A. G. Rose Venish; L. Vidyarani; M. Vigneshwaran

doi:10.26713/cma.v15i2.2655

Authors

A. G. Rose Venish Department of Mathematics, Avinashilingam Institute for Home Science and Higher Education For Women, Coimbatore 641043, Tamil Nadu, India https://orcid.org/0000-0002-3710-997X
L. Vidyarani Department of Mathematics, Kongunadu Arts and Science College, Coimbatore 641029, Tamil Nadu, India https://orcid.org/0000-0002-2244-7140
M. Vigneshwaran Department of Mathematics, Kongunadu Arts and Science College, Coimbatore 641029, Tamil Nadu, India https://orcid.org/0000-0003-1845-6877

DOI:

https://doi.org/10.26713/cma.v15i2.2655

Keywords:

4 and 8-BIf T adjacencies, Digital plane, BIf TS, BIf -connected points

Abstract

In order to model computer images, digital spaces such as $Z^{2}$ are utilized and the link between the classical topological spaces such as $T_{1}, T_{1 / 2}, T_{0}$ spaces etc., and the digital spaces are studied by many authors to solve important connectivity problems, studying graphics, pattern recognition etc.
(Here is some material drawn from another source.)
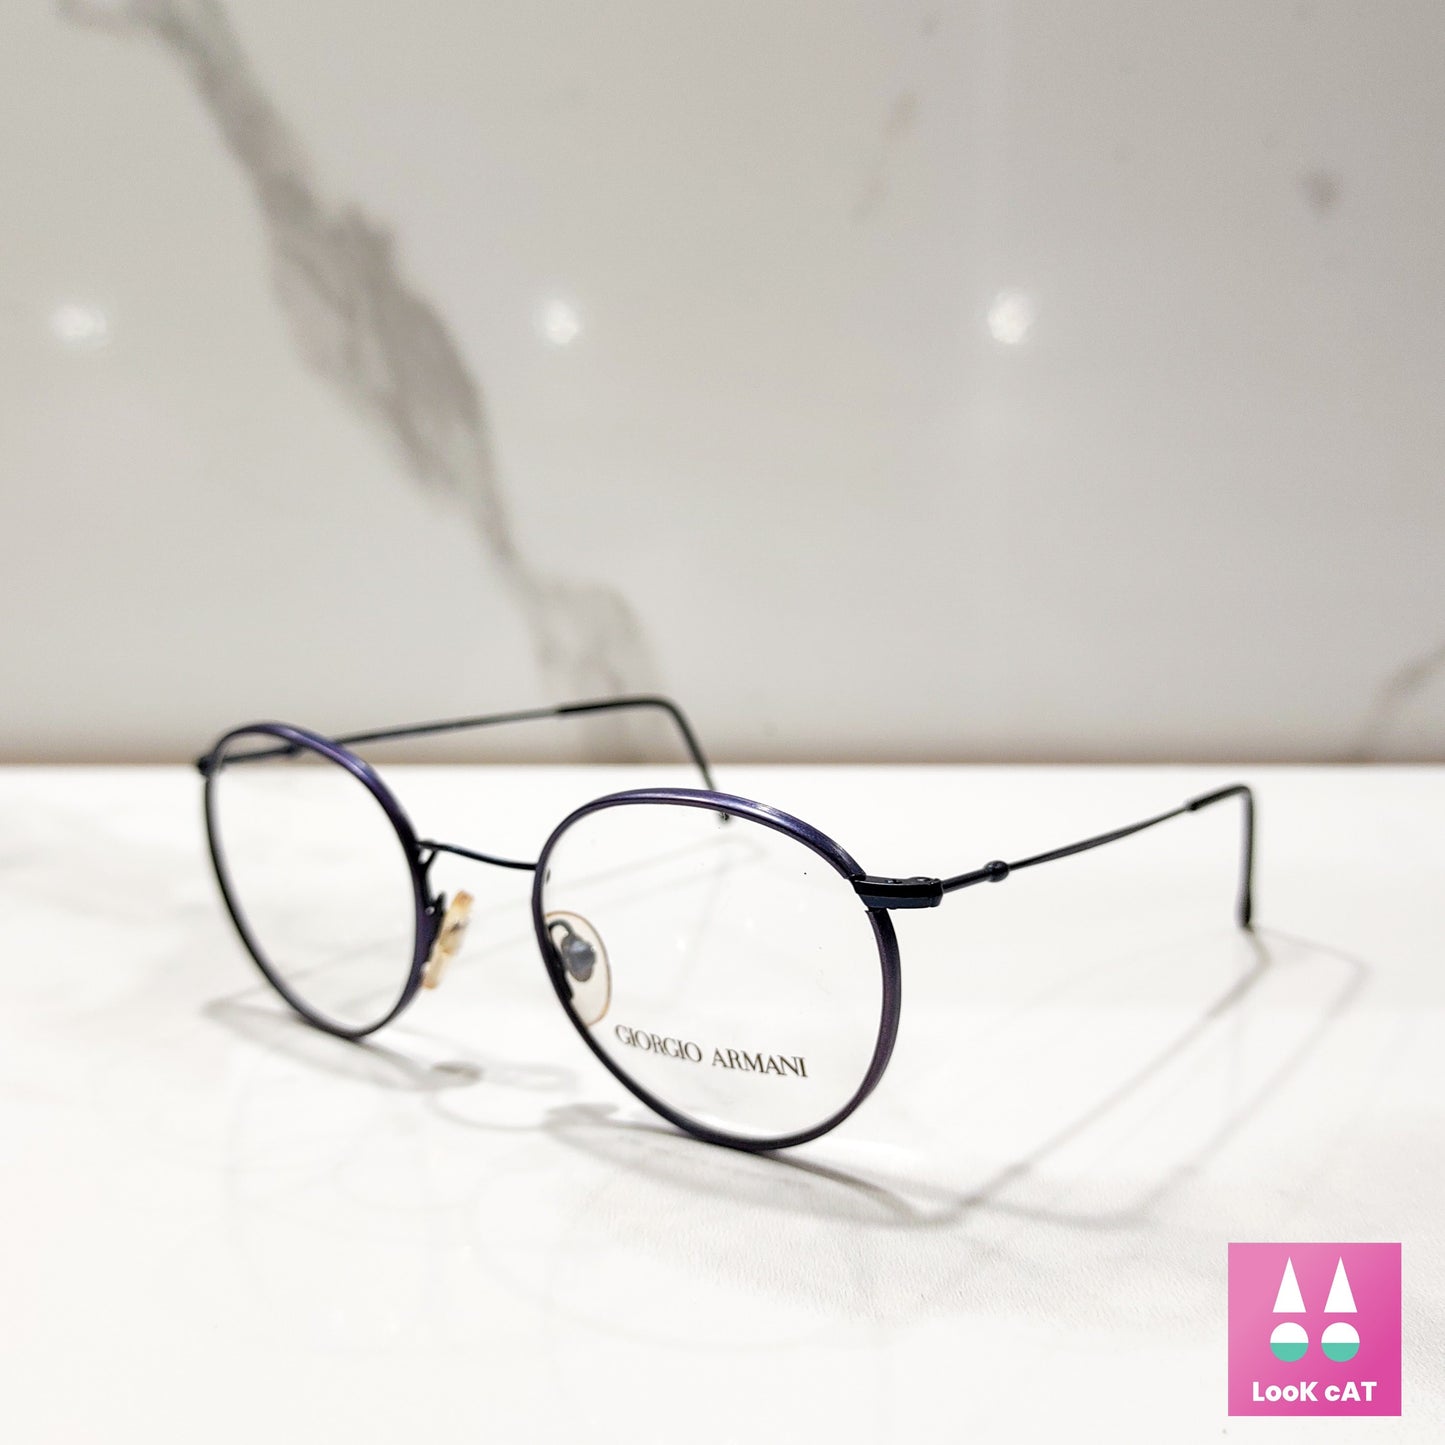 Giorgio Armani 253 eyeframe occhiali da vista lunetta tonalità brille pantos occhiali vintage anni '90 made in Italy

In graph theoretical approach to solve connectivity contradictions 4 and 8 adjacencies serves as the basic. It is well known that key approaches to solve such problems are graph theoretic approach and topological approach. Traditional 4 and 8 adjacencies in a topology are considered in this article which aims to structure 4 and 8 adjacencies in a topology called binary intuitionistic fine topology $(\BI_{f} T)$ . Initially 4 and 8 adjacencies- $\BI_{f} T$ are constructed and operators such as 4 and 8- $B I_{f} T$ interiors and closures are defined and their properties are discussed. Eventually, 4 and 8 connected- $\BI_{f}$ -connected and non-connected points are defined and explained using example.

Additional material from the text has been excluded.